Specifically, with respect to the crushing target 4, crushing devices 1 are installed at two locations at both ends of the size (dimension) to be crushed as shown in FIG. 1, and crushing is performed at two locations at both ends using the crushing device 1. Further, when controlling the shape of the crushed piece, each nozzle 2 and Chisel 3 are continuously moved (line movement) or intermittently (point movement) according to a desired shape, and the crushed piece is moved. Control the shape of. Then, by crushing the portion sandwiched between the crushing devices 1 as a unit, the crushed piece 4 can be processed into an arbitrary shape and size (dimension) as shown in FIG.

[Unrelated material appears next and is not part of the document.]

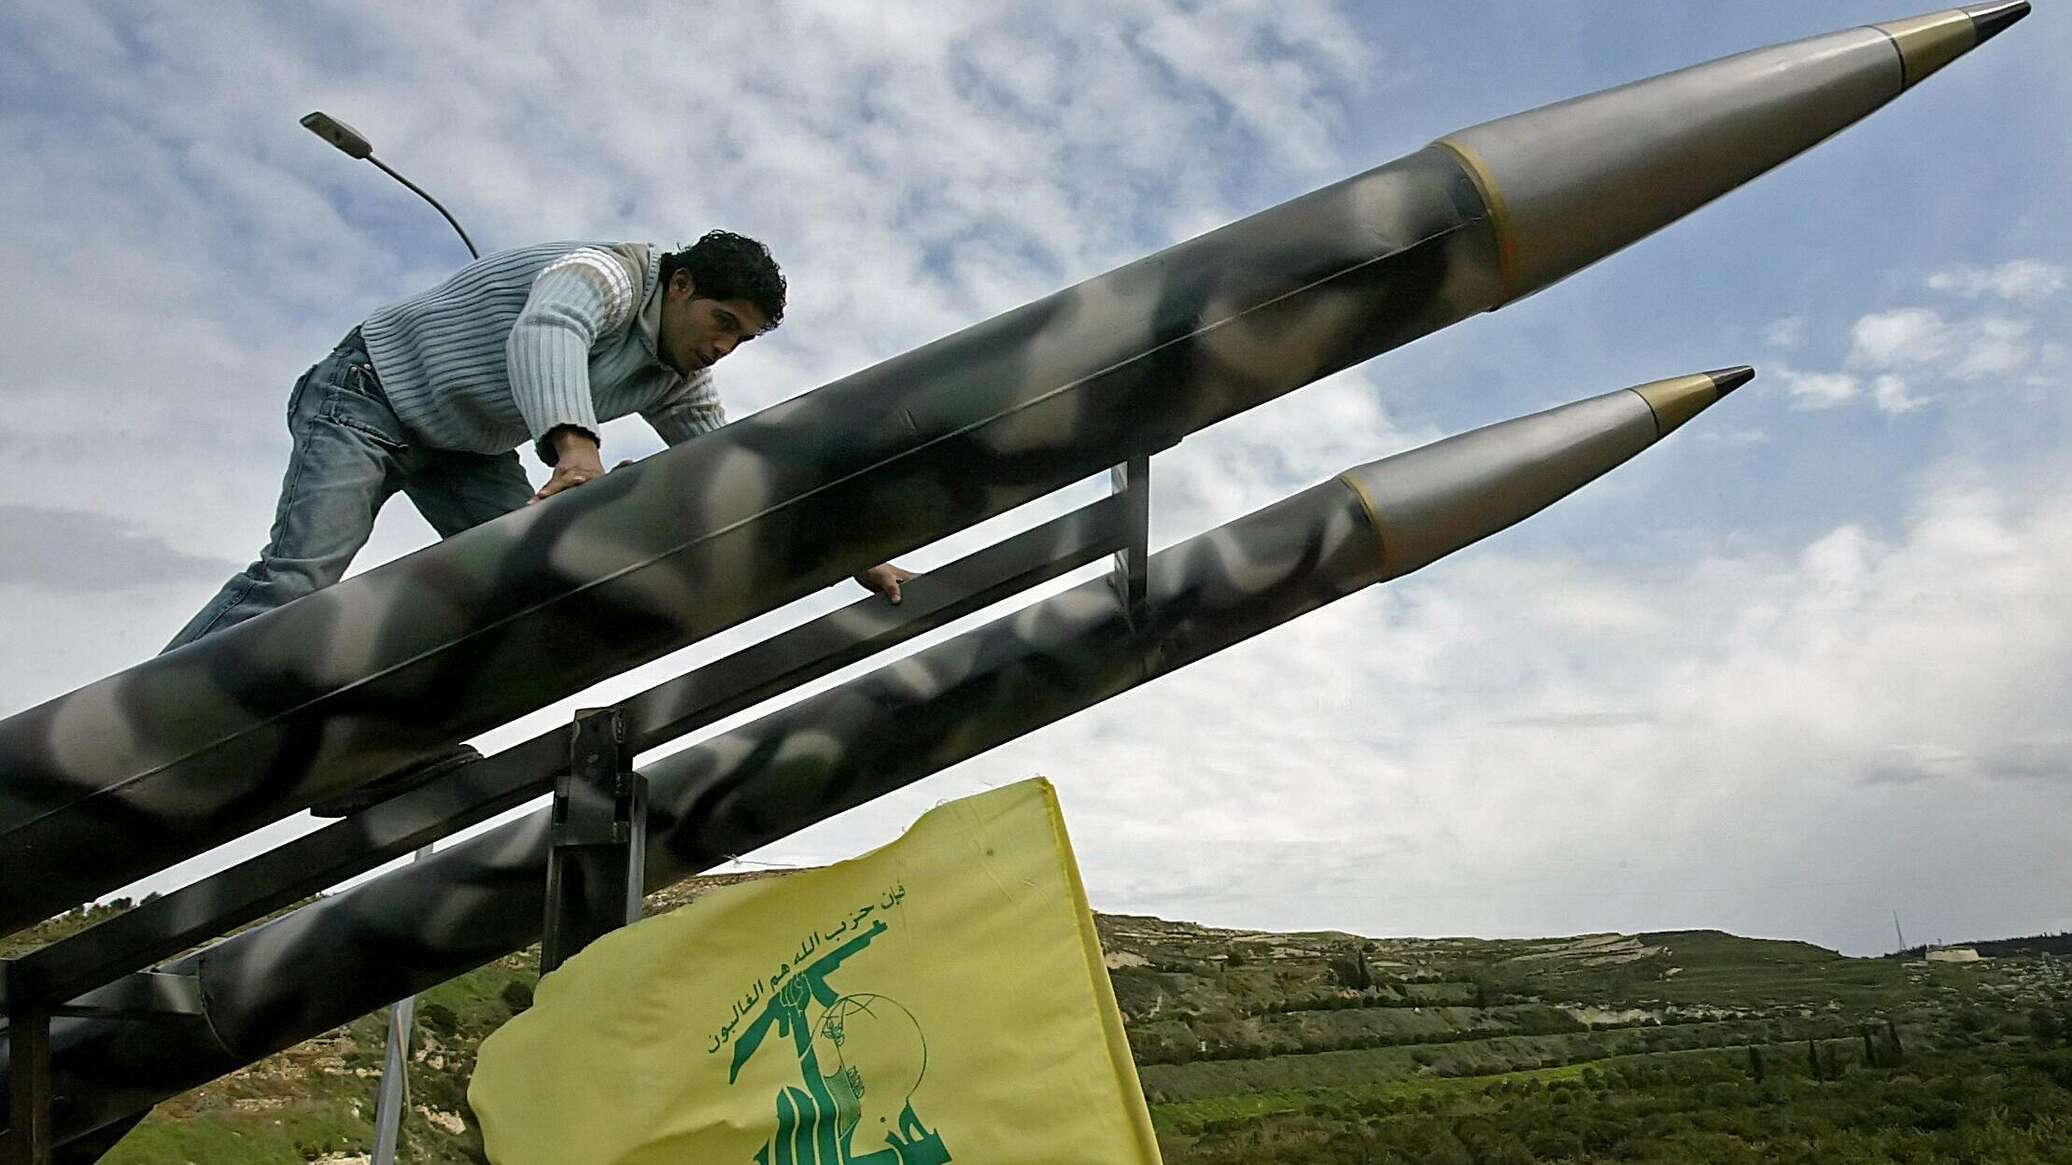 حزب الله يستهدف مواقع وتجمعاتٍ لجنود الاحتلال الإسرائيلي بالصواريخ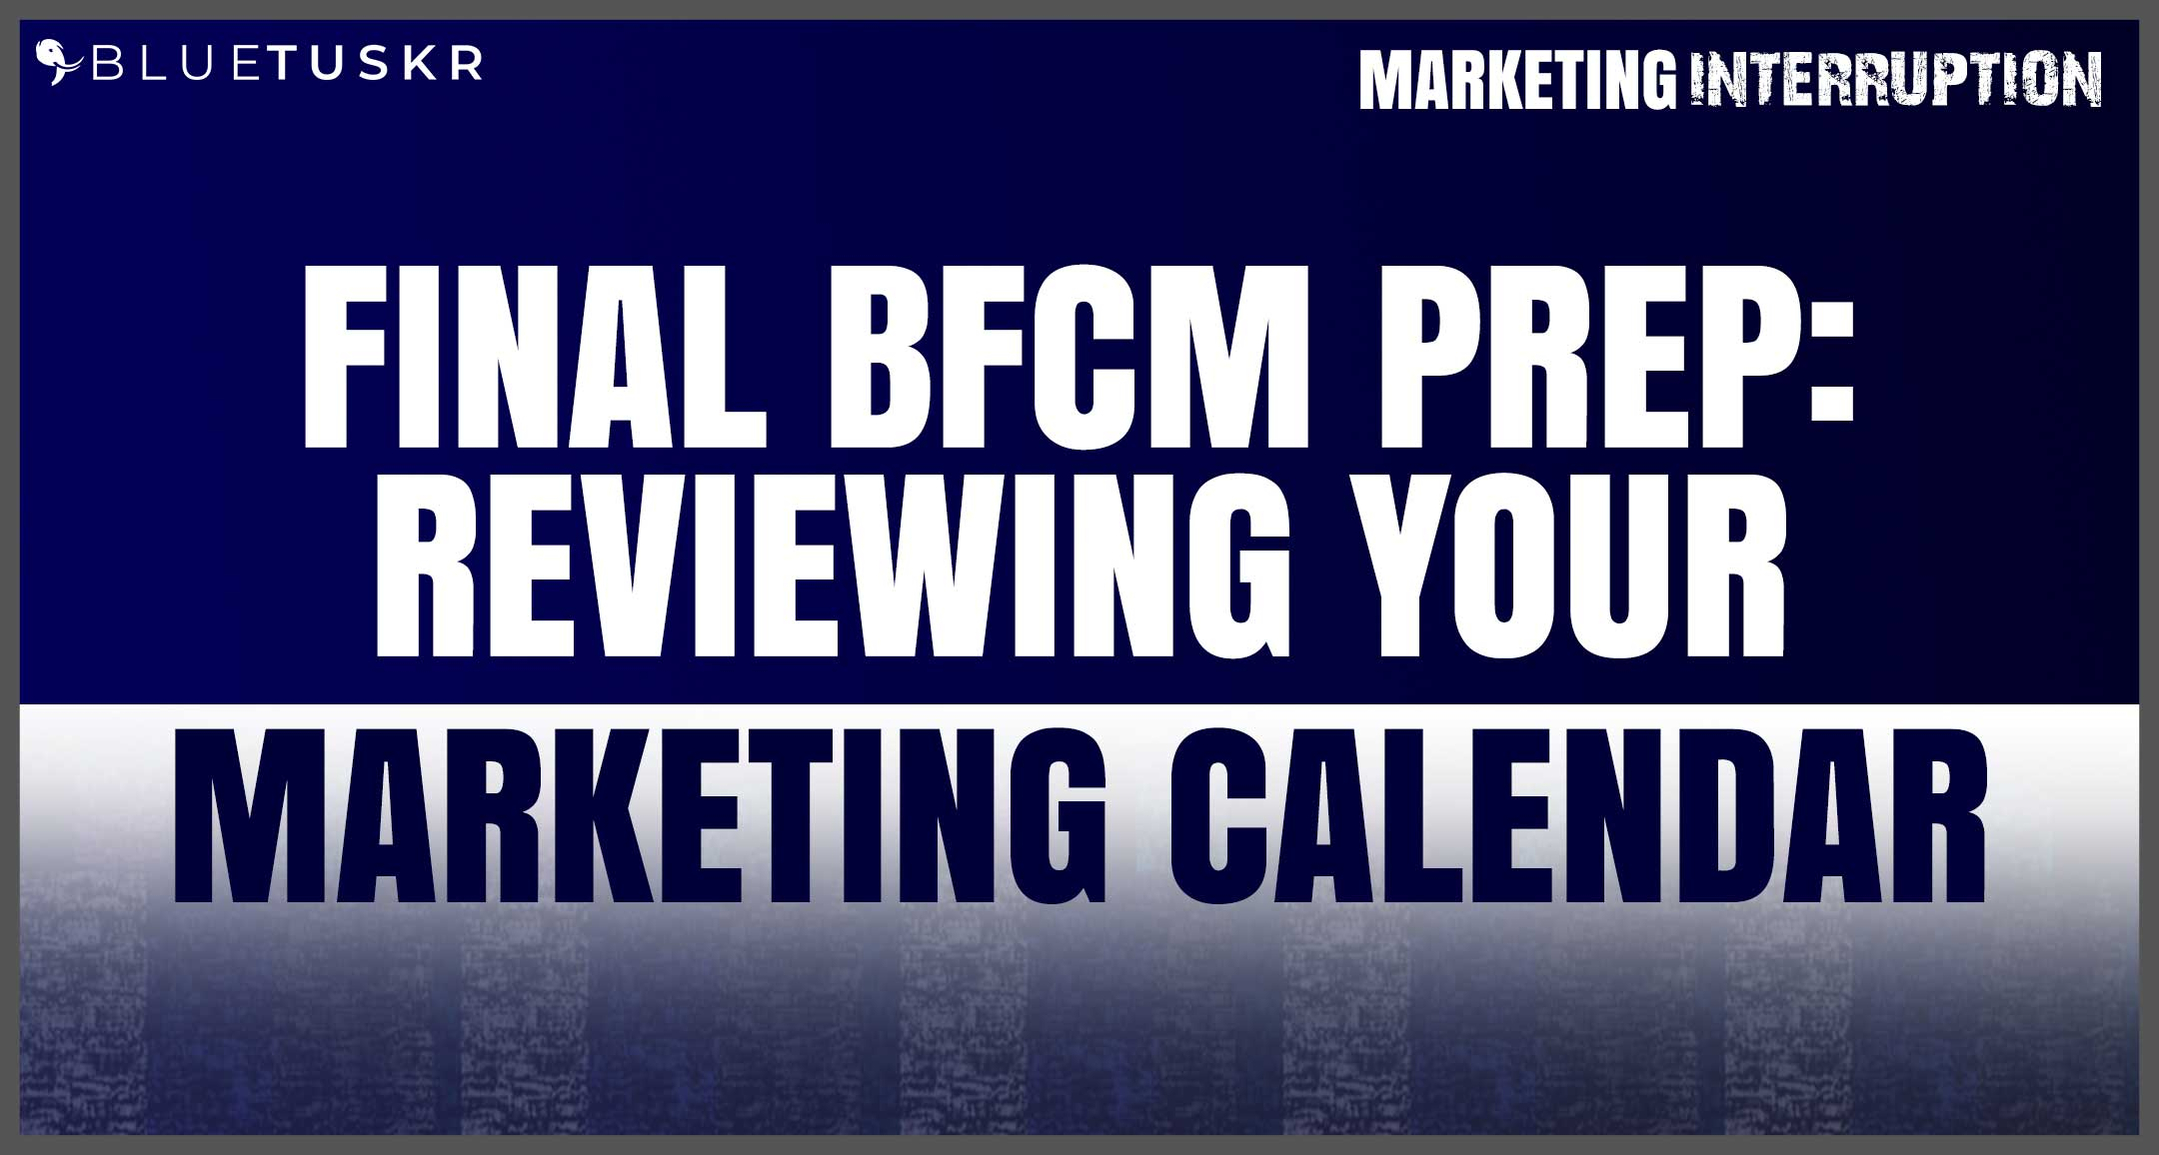 Final BFCM Prep: Reviewing Your Marketing Calendar

At this time, the water jet WJ may be continuously sprayed onto the crushing target 4, or may be jetted intermittently. Continuous or intermittent injection is performed according to the rigidity (hardness) and thickness of the crushed object 4 and the desired shape and size (dimensions) of the crushed piece 7.

Further, the water amount, water pressure, injection angle, and injection time of the water jet WJ to be sprayed on the crushing target 4 are also adjusted to the rigidity (hardness) and thickness of the crushing target 4 and the desired shape and size (dimensions) of the crushed piece 7. Set together.

By controlling the crushed pieces to an arbitrary shape and size (dimensions) in this way, it is possible to crush the crushed pieces in a shape and size that fits in the collection container, so it is easy to put the crushed pieces in the container and collect them. Become. In addition, the crushed pieces can be crushed to a certain shape and size (dimensions), and the crushed pieces can be easily processed and processed after being crushed.

The crushing method and the crushing apparatus of the second embodiment will be described with reference to FIG. FIG. 3 is a schematic view showing a state in which a nozzle, a chisel, a vacuum, and a shatterproof cover (recovery cover) 5 are arranged and crushed pieces are sucked in the recovery cover.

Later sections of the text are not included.